Collisionless plasma shocks in striated electron temperatures

The existence of low frequency waveguide modes of ion acoustic waves is demonstrated in magnetized plasmas for electron temperature striated along the magnetic field lines. At higher frequencies, in a band between the ion cyclotron and the ion plasma frequency, radiative modes develop and propagate obliquely to the field away from the striation. Arguments for the subsequent formation and propagation of electrostatic shock are presented and demonstrated numerically. For such plasma conditions, the dissipation mechanism is the “leakage” of the harmonics generated by the wave steepening.

💡 Research Summary

The paper investigates the propagation of ion‑acoustic waves (IAWs) in a magnetized plasma where the electron temperature varies along the magnetic‑field direction, forming a “striated” temperature profile. The authors first show that at low frequencies (well below the ion cyclotron frequency Ω_i) the temperature gradient creates a waveguide: the IAW is confined to the region of higher electron temperature and behaves like a guided mode. In this regime the dispersion relation is modified by the anisotropic electron pressure tensor, and the phase speed depends on the local electron temperature while the wave amplitude decays sharply outside the striation.

When the wave frequency lies between Ω_i and the ion plasma frequency ω_pi, the guiding effect breaks down. The wave couples to radiative modes that propagate obliquely to the magnetic field and leak energy away from the striation. The authors derive the conditions for this mode conversion, showing that the critical angle and the leakage rate are controlled by the steepness of the temperature gradient, the magnetic‑field strength, and the wavevector orientation.

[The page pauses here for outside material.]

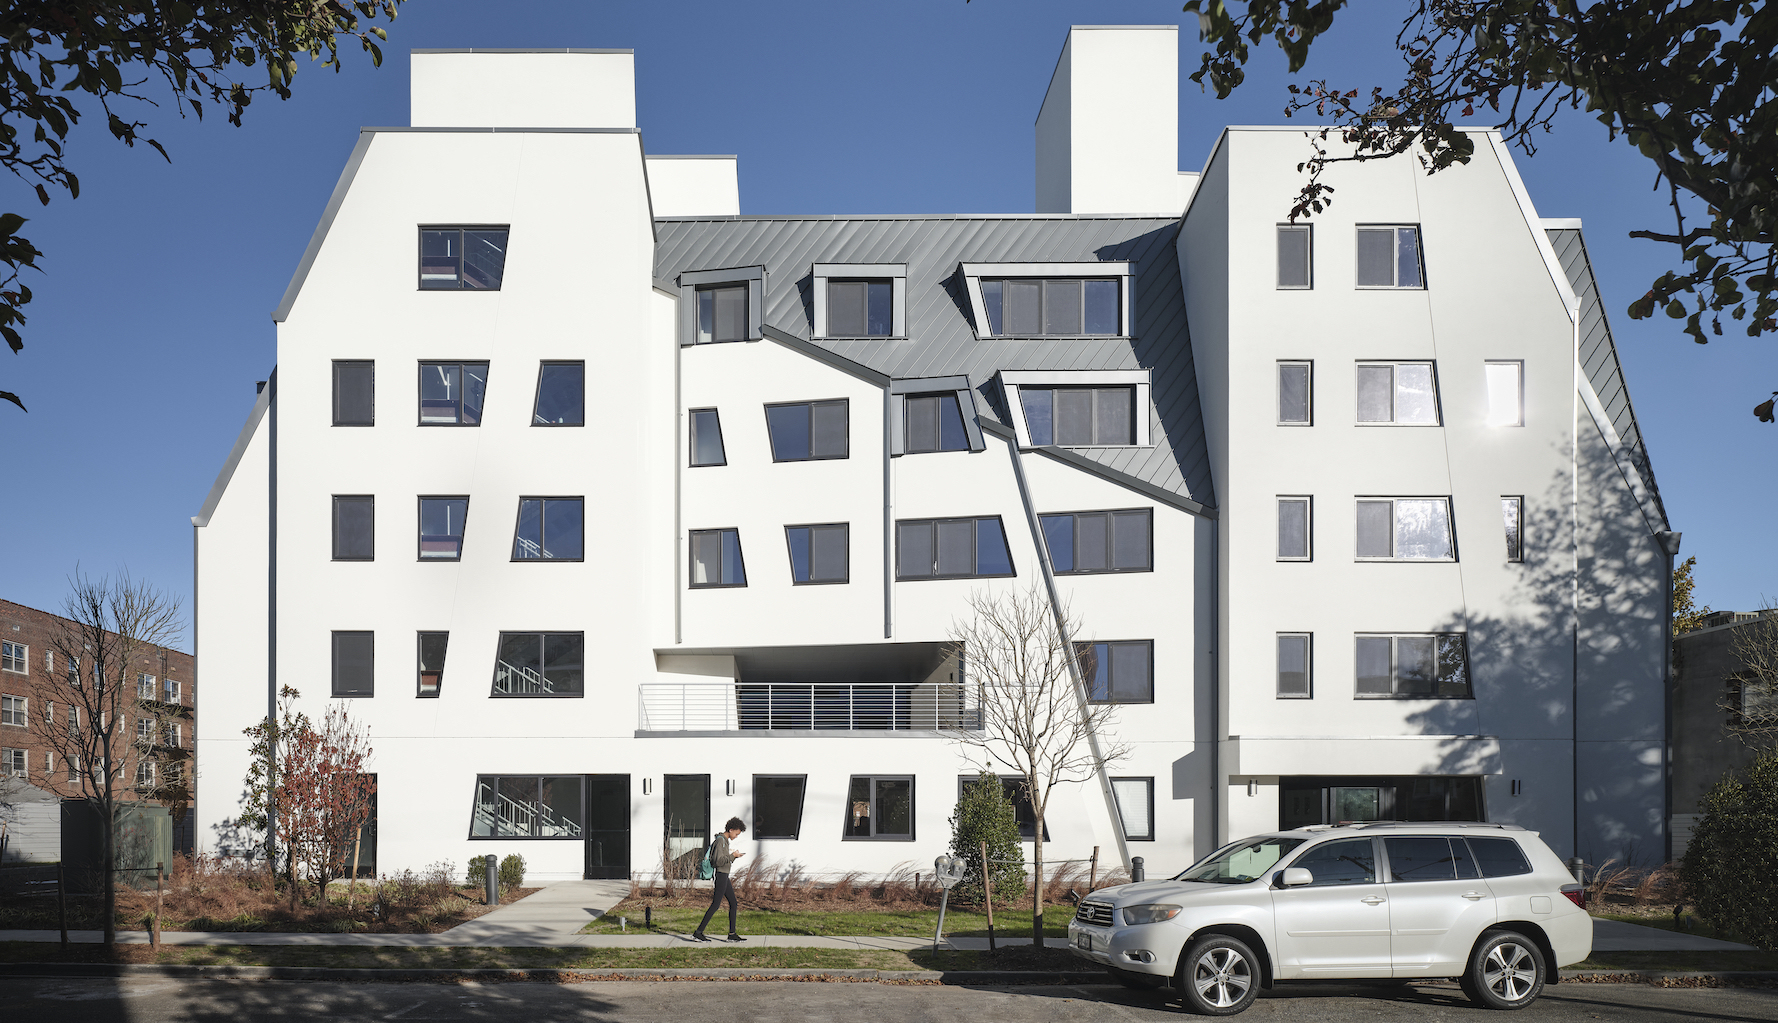 On Long Island, Studio Libeskind Delivers Supportive Housing With a Distinctive Facade

A central focus of the work is the nonlinear steepening of the guided wave. As the IAW amplitude grows, harmonic generation occurs. In a collisionless plasma the harmonics cannot be dissipated by binary collisions; instead they are radiated out of the striation via the radiative modes. This “leakage” of higher‑frequency components provides an effective, non‑collisional dissipation mechanism. The loss of harmonic energy steepens the wave front while maintaining an electrostatic shock structure that propagates at a nearly constant speed. The authors argue that this leakage‑driven dissipation replaces the usual viscous or thermal conductivity terms that are required for shock formation in collisional plasmas.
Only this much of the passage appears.